Indeed.  I cannot find any obvious issue.

Thanks, Roger.
Jason Andryuk Feb. 28, 2025, 8:25 p.m. UTC | #8
On 2025-02-28 04:36, Roger Pau Monné wrote:
> On Thu, Feb 27, 2025 at 01:28:11PM -0500, Jason Andryuk wrote:
>> On 2025-02-27 05:23, Roger Pau Monné wrote:
>>> On Wed, Feb 26, 2025 at 04:11:25PM -0500, Jason Andryuk wrote:

>>>> To work around this, we can, for per-device IRTs, program the hardware
>>>> to use the guest data & associated IRTE.  The address doesn't matter
>>>> since the IRTE handles that, and the Xen address & vector can be used as
>>>> expected.
>>>
>>> All this work on AMD because when interrupt remapping is enabled all
>>> MSIs are handled by the remapping table, while on Intel there's still
>>> a bit in the MSI address field to signal whether the MSI is using a
>>> remapping entry, or is using the "compatibility" format (iow: no
>>> remapping).
>>
>> So, on Intel, if the guest hands the device the MSI address, it can decided
>> to bypass remapping?
>>
>> Thanks for providing insight into the Intel inner workings.  That's why I am
>> asking.
> 
> Yes, sorry, I'm afraid I don't have any good solution for Intel, at
> least not anything similar to what you propose to do on AMD-Vi.  I
> guess we could take a partial solution for AMD-Vi only, but it's
> sub-optimal from Xen perspective to have a piece of hardware working
> fine on AMD and not on Intel.

I only need AMD to work ;)

But yeah, I thought I should make an effort to get both working.

>>>>
>>>> For vPCI, the guest MSI data is available at the time of initial MSI
>>>> setup, but that is not the case for HVM.  With HVM, the initial MSI
>>>> setup is done when PHYSDEVOP_map_pirq is called, but the guest vector is
>>>> only available later when XEN_DOMCTL_bind_pt_irq is called.  In that
>>>> case, we need to tear down and create a new IRTE.  This later location
>>>> can also handle vPCI.
>>>>
>>>> Add pirq_guest_bind_gvec to plumb down the gvec without modifying all
>>>> call sites.  Use msi_desc->gvec to pass through the desired value.
>>>
>>> So basically the solution is to use the guest selected MSI vector as
>>> the interrupt remapping table index, as then the guest can use the MSI
>>> data and address fields without requiring Xen translation.
>>>
>>> What about the guest using the same vector across multiple vCPUs?  So
>>> MSI entries having the same vector field, but different target
>>> destination CPUs?  That won't work correctly as all those MSIs will
>>> attempt to use the same IRTE?
> 
> I think you will also need to add some extra checks to ensure that
> when this quirk is active the guest will always set APIC ID 0 as the
> interrupt destination for all MSI entries for the affected device, so
> that there cannot be vector overlap between CPUs.  Otherwise the quirk
> won't work as expected.

Ok.

>>>> e.g.
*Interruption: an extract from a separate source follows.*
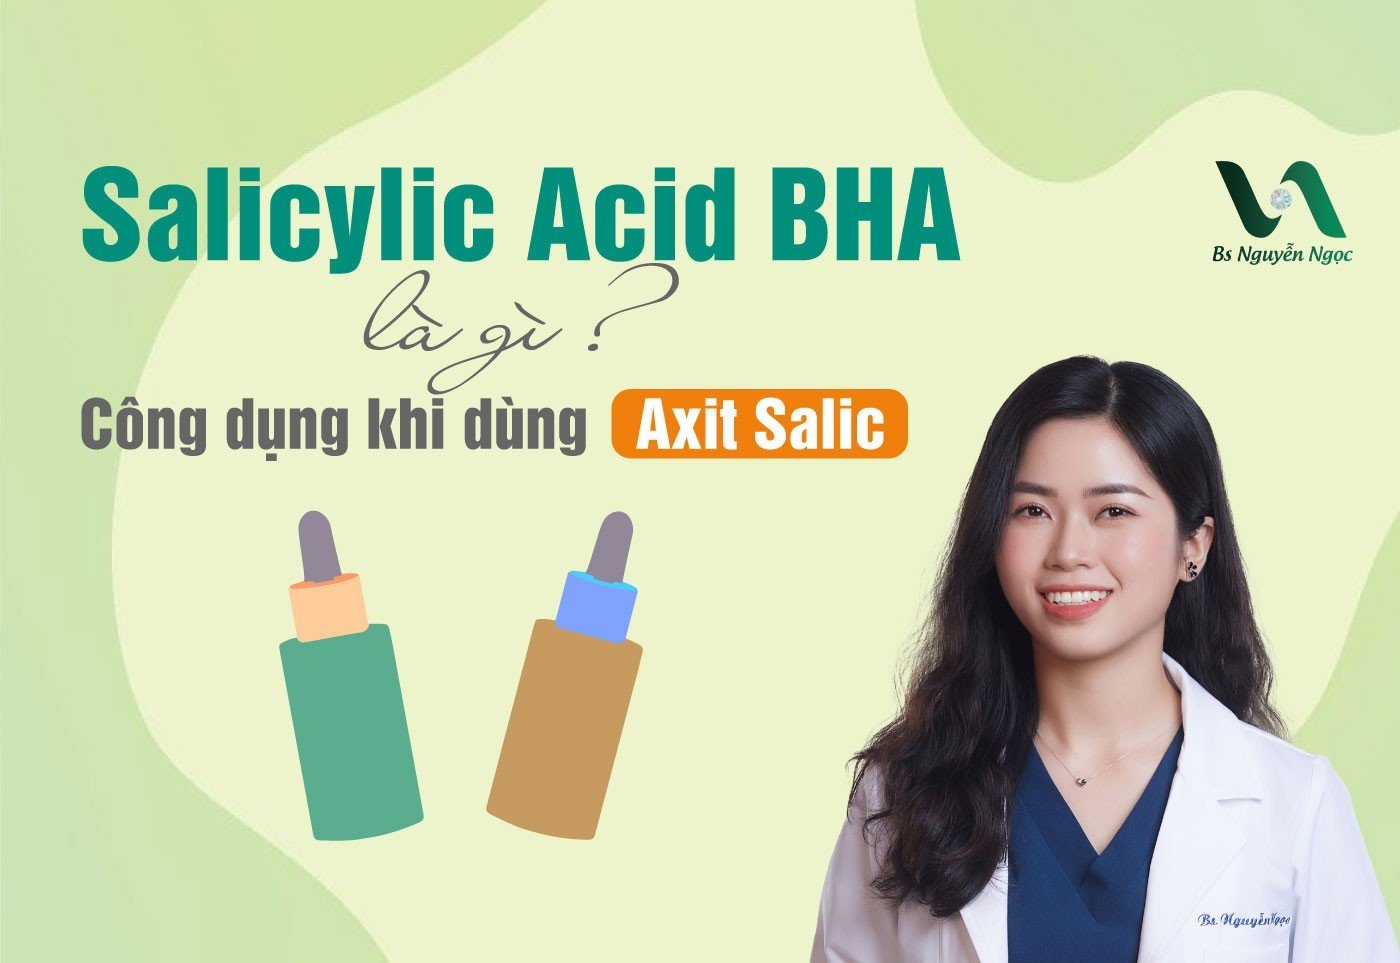 Salicylic Acid BHA là gì? Công dụng khi dùng Axit Salicylic

Replace amd_iommu_perdev_intremap with something generic.
>>>>
>>>> The ath11k device supports and tries to enable 32 MSIs.  Linux in PVH
>>>> dom0 and HVM domU fails enabling 32 and falls back to just 1, so that is
>>>> all that has been tested.
>>>
>>> DYK why it fails to enable 32?
>>
>> Not exactly - someone else had the card.  msi_capability_init() failed. If
>> it ends up in arch_setup_msi_irqs(), only 1 MSI is supported.  But precisely
>> where the mutiple nvecs was denied was not tracked down.
> 
> Does it also fail on native?  I'm mostly asking because it would be
> good to get to the bottom of this, so that we don't come up with a
> partial solution that will break if multi-msi is used later in Linux.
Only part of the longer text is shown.